Далеко он меня послал.
— Это совет врача?
Гельман насупился:
— Меня ждут пациенты. Предлагаю закончить нашу беседу.
— Правильно, — сказал я, — забота о пациентах — это главное. Это, можно сказать, ваша первая обязанность. И если мы с вами не позаботимся о Шишке, она заработает пожизненное…
— Шишка в состоянии сама о себе позаботься, — оборвал меня Гельман. — Она, в некотором смысле, над миром. Ваша забота ей не нужна.
— Раз уж вы начали говорить, то договаривайте. Что значит «над миром»?
— Год назад она попала в тяжелую авиакатастрофу. Хирурги вытащили ее буквально с того света.
— И она потеряла память? — попытался я угадать.
— Нет, с памятью дела у нее обстоят не хуже, чем у нас с вами. Когда она пришла в сознание после операции, она стала говорить странные вещи, по-своему, очень логичные. Она говорила, мы боимся двух вещей: физических страданий, предшествующих смерти, и моральных страданий, которые мы неминуемо будем испытывать перед смертью. Мы боимся самого страха. Но если человек через все это прошел, если он мгновенно и безболезненно потерял сознание, впал в кому или, более того, если наступила клиническая смерть — все то, что случилось ней в момент катастрофы — то стоит ли его спасать? Для чего? Чтобы он еще раз испытал все это? Чтобы жизнь снова потекла под страхом смерти? «Постоянно рождаться — значит страдать», — сказал принц Шакьямуни. Спасших ее хирургов она поблагодарила очень сухо. Лучше бы ей вообще ничего им не говорить. Меня вызвали для консультации, и я застал такую сцену: главный хирург стоит с бутылкой дорогого коньяка и букетом цветов — то и другое ему подарил один из пациентов — стоит и хлопает глазами. Он не успел отнести подарки в кабинет, зашел в палату к Шишке — проведать. А та ему — как ушат воды на голову — зачем вы меня спасли, хотя спасибо, конечно, но, право, не стоило беспокоиться… И — в слезы. Хирурги сначала думали, что у нее затянувшийся посттравматический шок. Ничего подобного я у нее не нашел. Она мыслила абсолютно отчетливо, прекрасно осознавала, что с ней произошло, но она жалела, что ее спасли.
— Была ли она искренна?
— По-моему, да.
— Амбивалентность?
— Нет, не тот случай.
Меня бесило спокойствие, с которым он это все произносил.

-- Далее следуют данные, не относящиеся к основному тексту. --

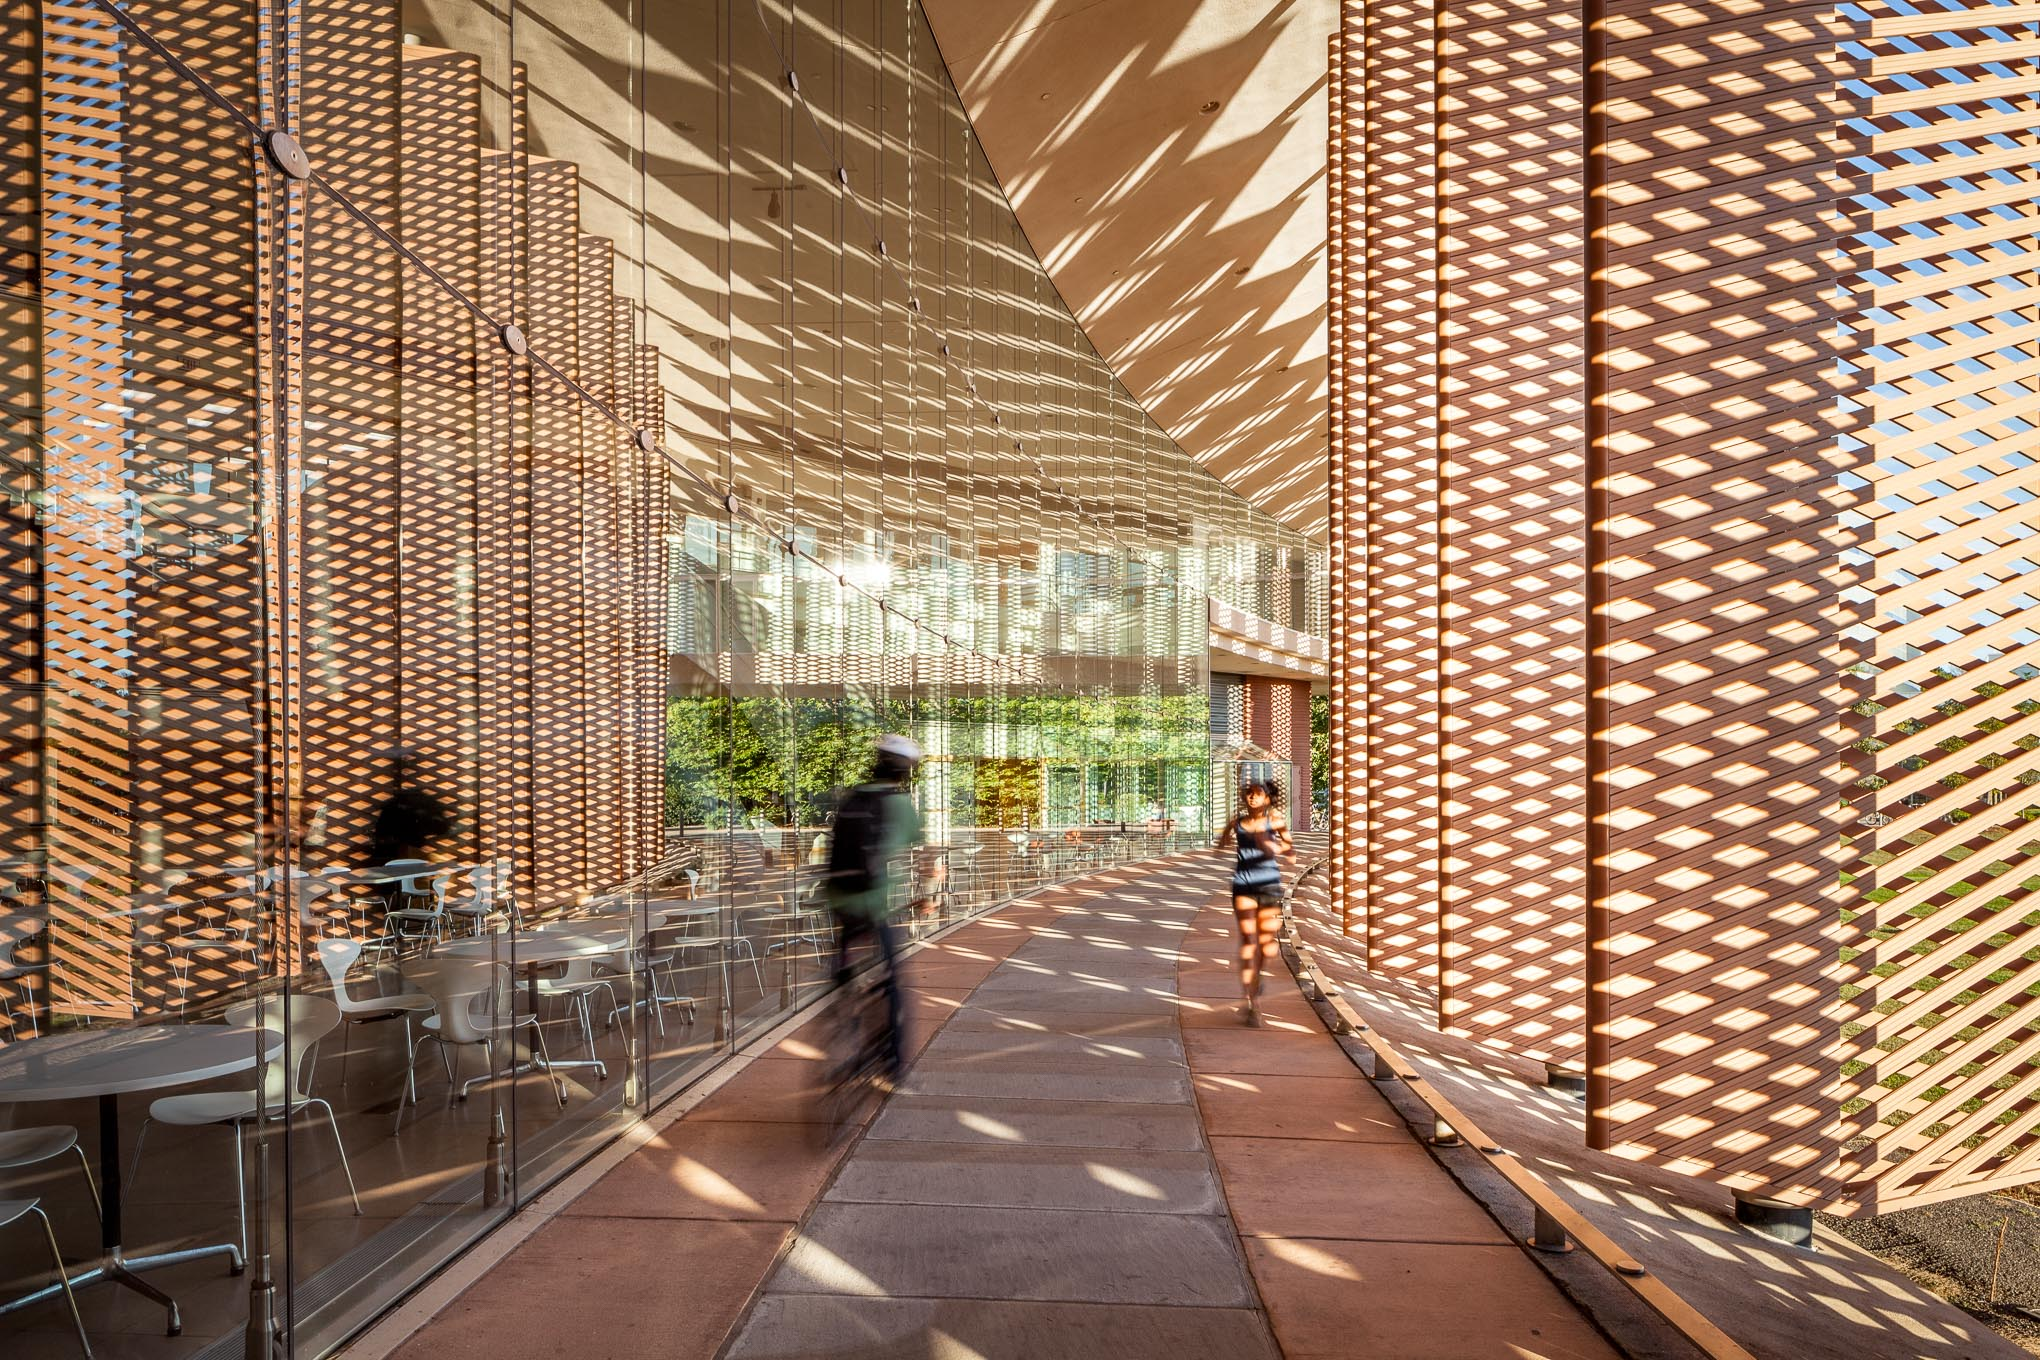 Lewis-Sigler Institute, Princeton University, Rafael Viñoly Architects

— Вы хотя бы пытались ее переубедить?
— Разумеется. В некотором смысле, переубеждать — это моя работа. Но наши беседы имели странное последствие. Впрочем, не хочу приписывать своему влиянию то, что произошло бы и без моего участия.
— Так что же произошло?
— Она решила, что она все-таки умерла. Что теперь она — это не совсем она, а ее некая новая форма — как, если бы ее не сразу взяли на небо, а позволили еще немного пожить среди людей — доносить тело, по ее собственному выражению. И разумеется, бесполезно спрашивать о ее настоящем имени или о том, откуда она. Она везде и нигде, она — некто и ни кто — Шишка, одним словом.